Why Everyone In Their 20s Should Go To Therapy

Last year I decided that I wanted to become a therapist and so I started a course with the aim to qualify and have a career change. I was looking forward to studying and essay writing once again but, little did I know that this decision would drastically change my life, the way I see myself in the world and that I would in no way end up becoming a therapist.

Before I started the course, I read lots of articles that warned me that Psychotherapy training was a huge emotional investment, one that might change your life and affect your existing relationships. I remember thinking… not me, I already know myself so well, I’m just doing this for a career change. What I didn’t realize was how little I really knew myself, how out of touch I was with my emotions, and how numb I had become to the world around me.

A requirement of my course was that each student had to be in their own personal therapy. I cannot stress enough how little I thought I needed this – I did it purely because I had to. Those first few sessions were extremely challenging. I remember feeling attacked and judged. I later came to realize that this was purely a projection, a feeling that came from past experience and not one necessarily based in reality. In one of those first sessions, I asked “what is the ultimate aim of therapy?” My therapist replied something along the lines of “therapy allows us to understand ourselves, our patterns and our behavior in a way that might facilitate change and growth.” My answer? “But I don’t want to change”.

Fast forward one year and I can honestly say my life is completely different. Therapy might seem like a last resort for people who are struggling with their mental health, but I see it as an incredible journey of personal development. If finances allow, it’s something I think everyone should try. How can getting to know yourself, your emotions, and the reason behind your behaviors be anything but a wonderful thing? I was scared of change, and it hasn’t always been easy, in fact sometimes it’s been really difficult, but I am so grateful that I made it happen.

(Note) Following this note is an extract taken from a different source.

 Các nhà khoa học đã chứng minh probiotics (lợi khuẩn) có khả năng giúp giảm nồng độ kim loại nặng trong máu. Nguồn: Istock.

Therapy is not a magic cure, it will not mean that life is easy and that you’re instantly happier. What it meant for me was knowing myself, accepting that I have flaws, accepting that life can be difficult, being more comfortable with that and welcoming the emotion. Because sadness and anger are painful, but feeling them means that you’re alive.

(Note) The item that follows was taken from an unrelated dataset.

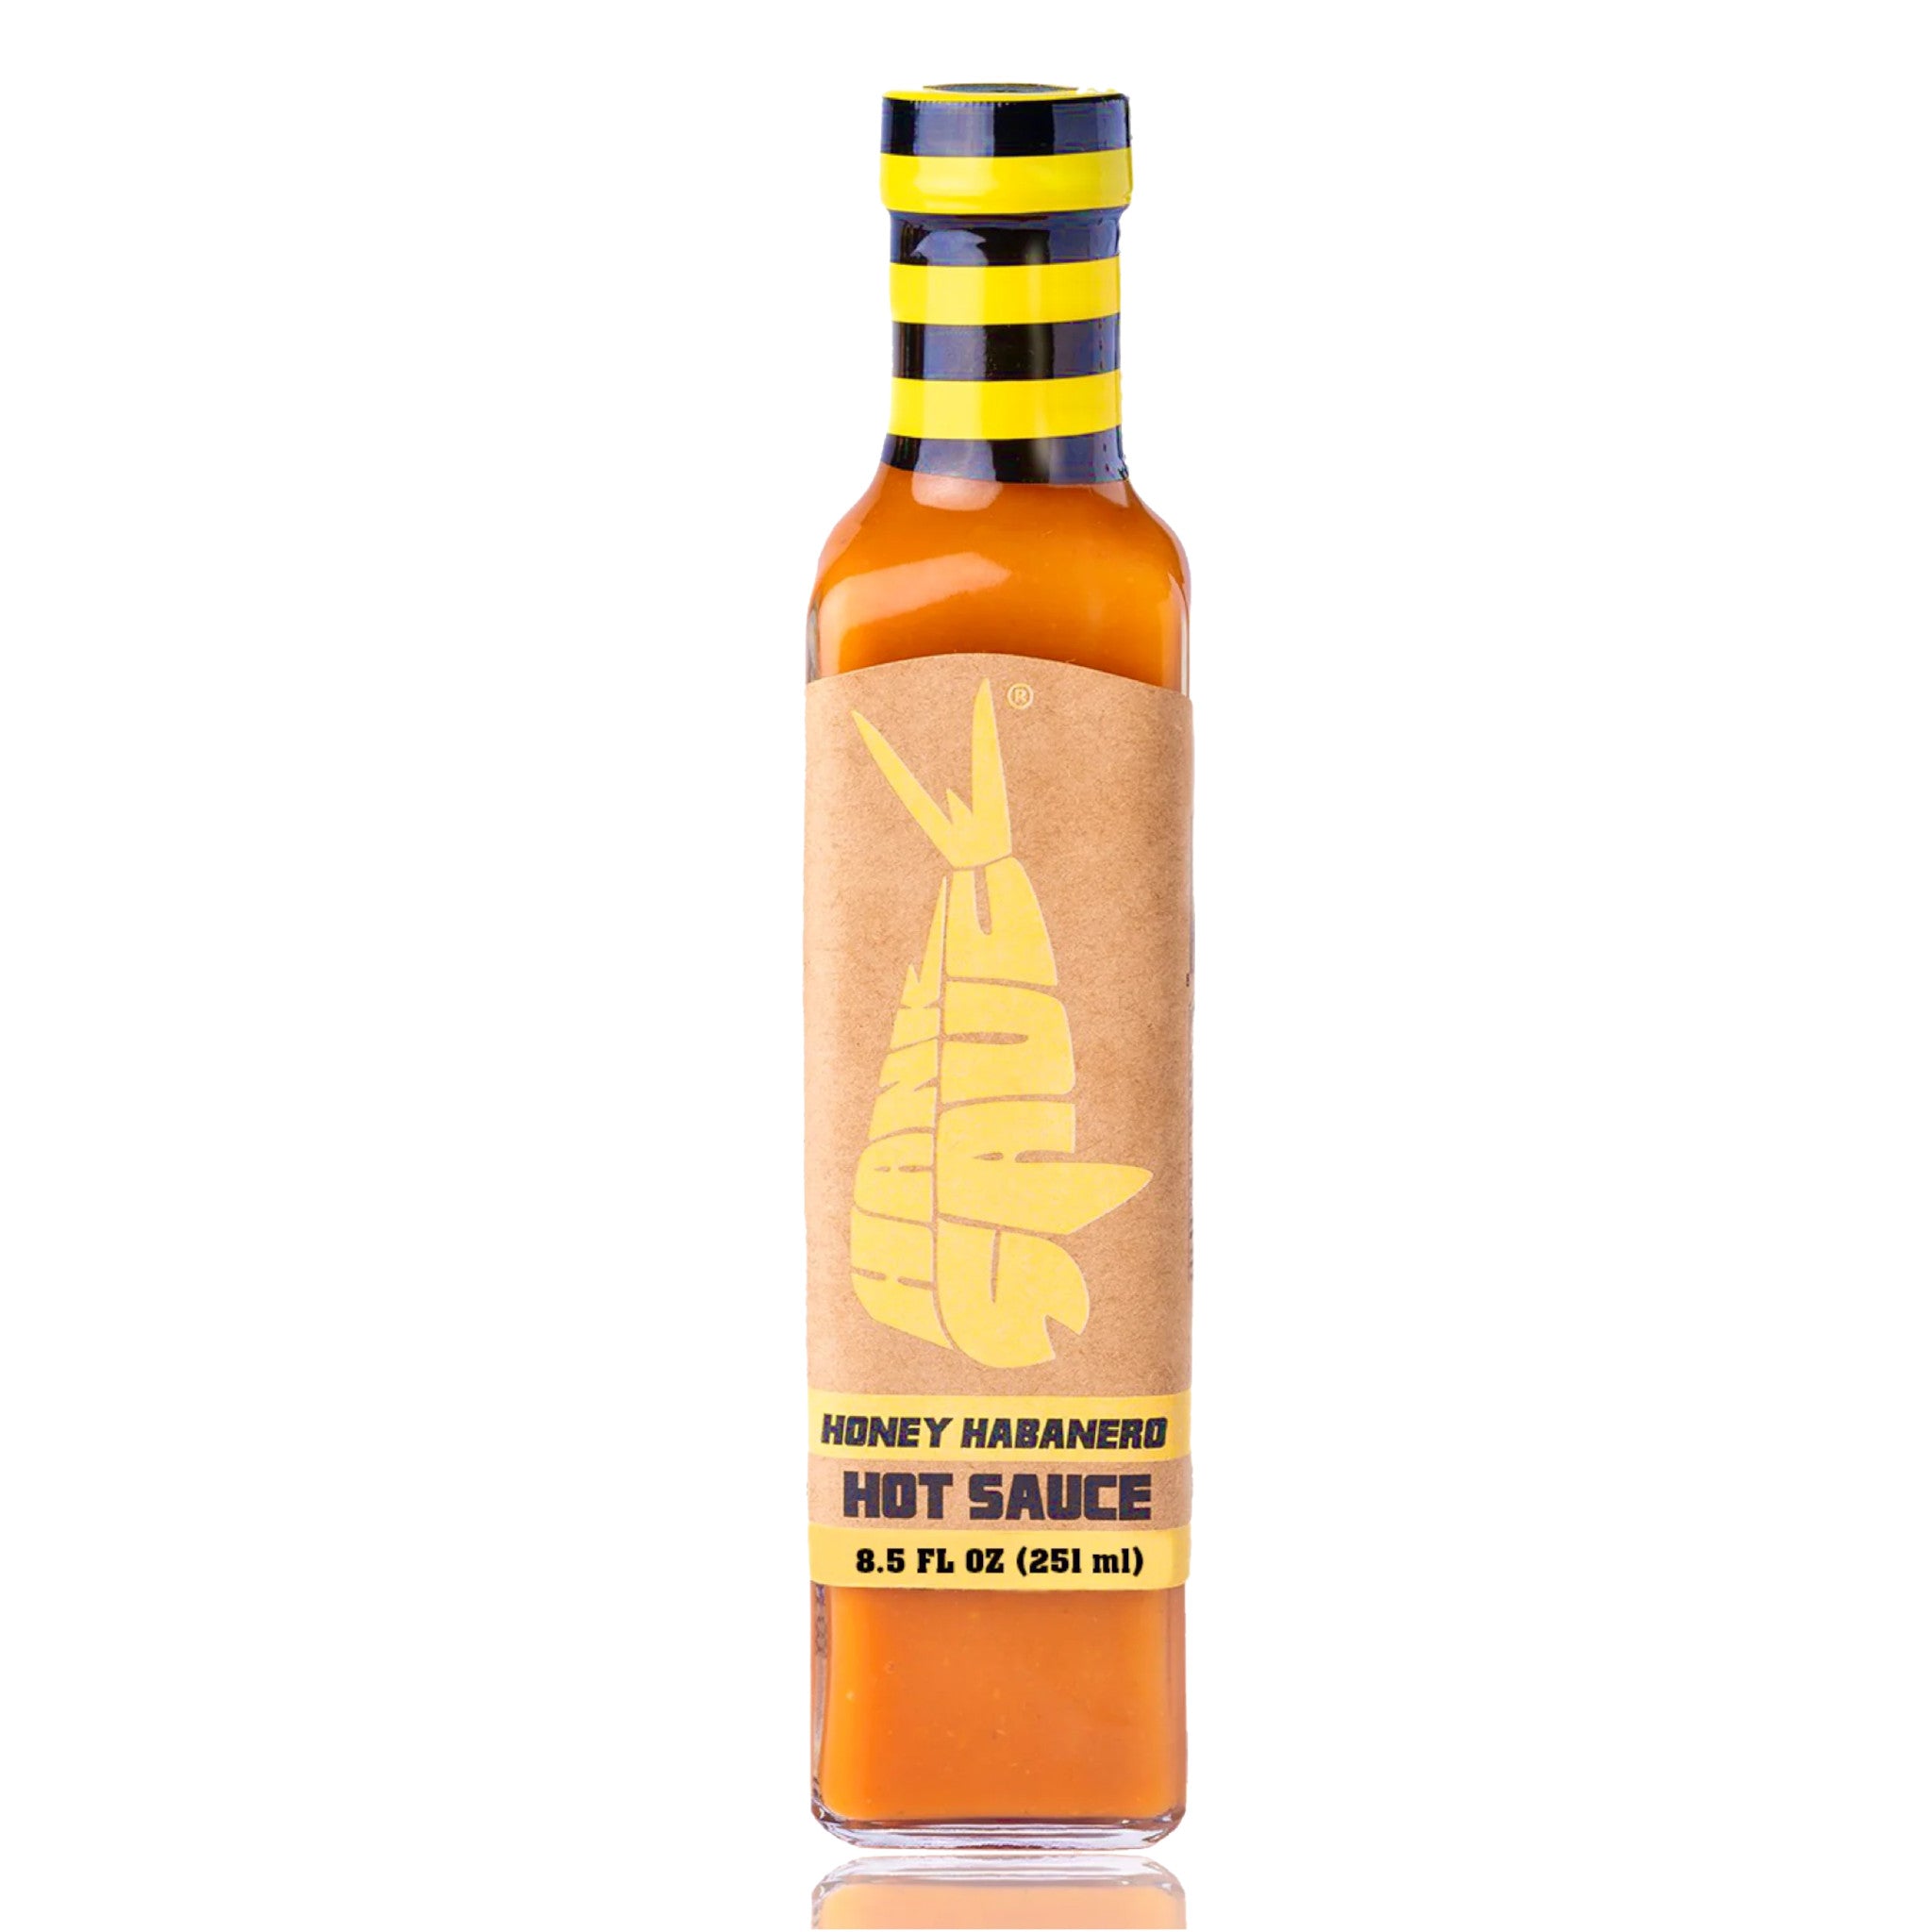 Honey Habanero Hot Sauce

My friends say that I’m different… I feel different. But it is more that my outlook on life is different, and my understanding of myself is clearer. With this comes a certain feeling of contentment that was not there before. Life is beautiful and it is also painful, therapy helped me to accept it in its entirety.

“It is only because of problems that we grow mentally and spiritually. It is through the pain of confronting and resolving problems that we learn.”

Scott Peck, The Road Less Travelled

Featured Image by Ben White on Unsplash.


  1. Agreeeeed I had such a stigma against therapy until I pushed myself so hard that I desperately needed it. Even people who feel totally healthy could use some brain sorting and perspective. My therapist asked me what I wanted to get out of our sessions and I responded “I want to hear my opinion in your voice because I don’t trust in my own self enough.”